Should the cut be confirmed, the organisation’s funding for so-called ‘developed economies’ without access to official development assistance would be reduced from £39m in 2016/17 to £13m in 2018/19, and to zero by 2019/20.

A British Council spokesperson confirmed the reduction could have some impact on the arts in Europe and the across wider developed world, but said there would be “no impact” on the UK’s Creative Europe programme, which is managed by the Council but funded by the European Union.

“Our activities in countries with developing economies will continue to be well-supported by the core grant-in-aid,” they added.

“The proposed cut would potentially affect our work in developed countries including our support for the arts and education sectors across the UK as we would only be able to fund this work from the earned income from our teaching and exams operations.”

The British Council works in more than 100 countries every year, and 85% of its turnover is earned through teaching and exams, contracts and partnerships.

Call for a rethink

The announced cut has proven controversial, with a number of arts leaders connected to Edinburgh International Festival penning a letter to Foreign Secretary Boris Johnson in opposition to the move.
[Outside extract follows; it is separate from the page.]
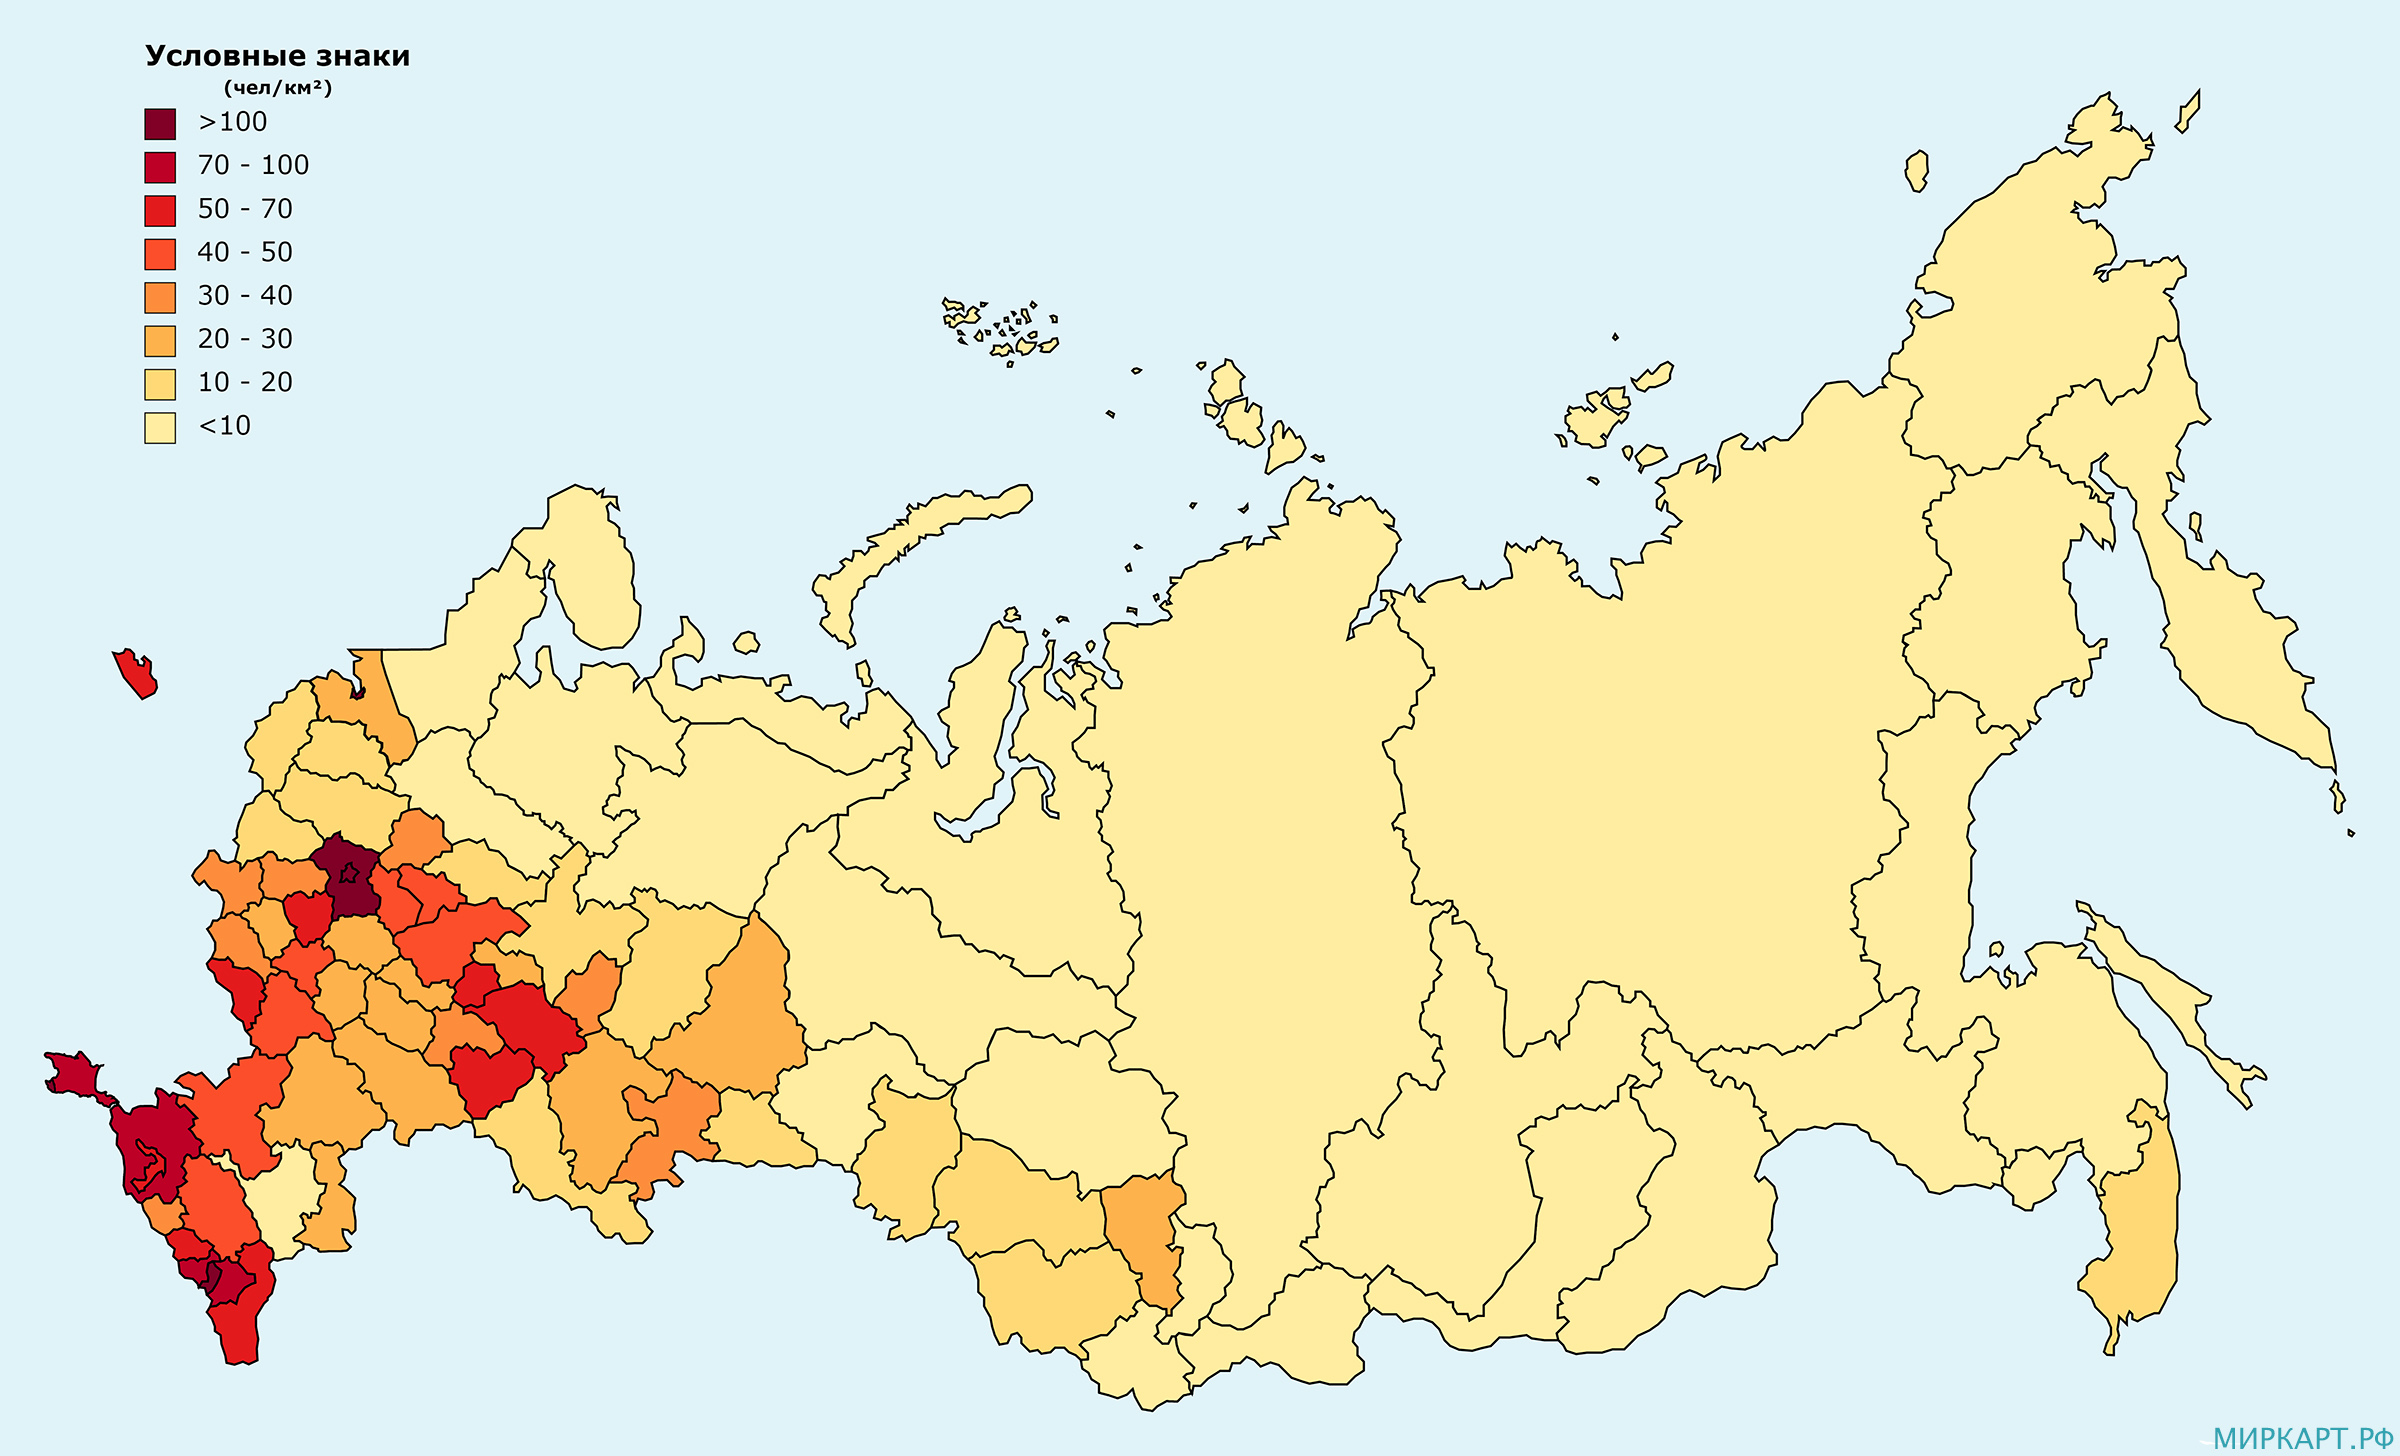 Плотность населения россии география 8 класс

Published in The Stage newspaper, the letter acknowledges the cut was planned before Brexit, but says a “rethink is urgently required on the part of the UK Government” given the events of the past year and the “threat to a British institution”.

“In the 70th anniversary year of Edinburgh as a world-leading Festival City, we have enjoyed visits by your UK Government colleagues Damian Green, Karen Bradley and John Glen who have emphasised their support for our role in the future positioning of a Global Britain,” it notes.

“In this light, we urge a reconsideration of the planned balance of funding to the British Council so that it can continue to play a key role across a wide range of countries, and sustain the momentum of cultural exchange and development at this critical time for the UK on the world stage as soon as possible.”

Commenting on the developments, a Foreign Office spokesperson said: “We are aware of the potential impact of providing the British Council with more overseas development assistance as part of its grant.

“We are currently working with the British Council to deliver the manifesto commitment of putting it on a secure footing, recognising the tight fiscal climate and the importance of delivering Brexit.”

 

Update 25/08/17 - a previous version of this article incorrectly stated 75% of the British Council's turnover is earned income. This has been corrected.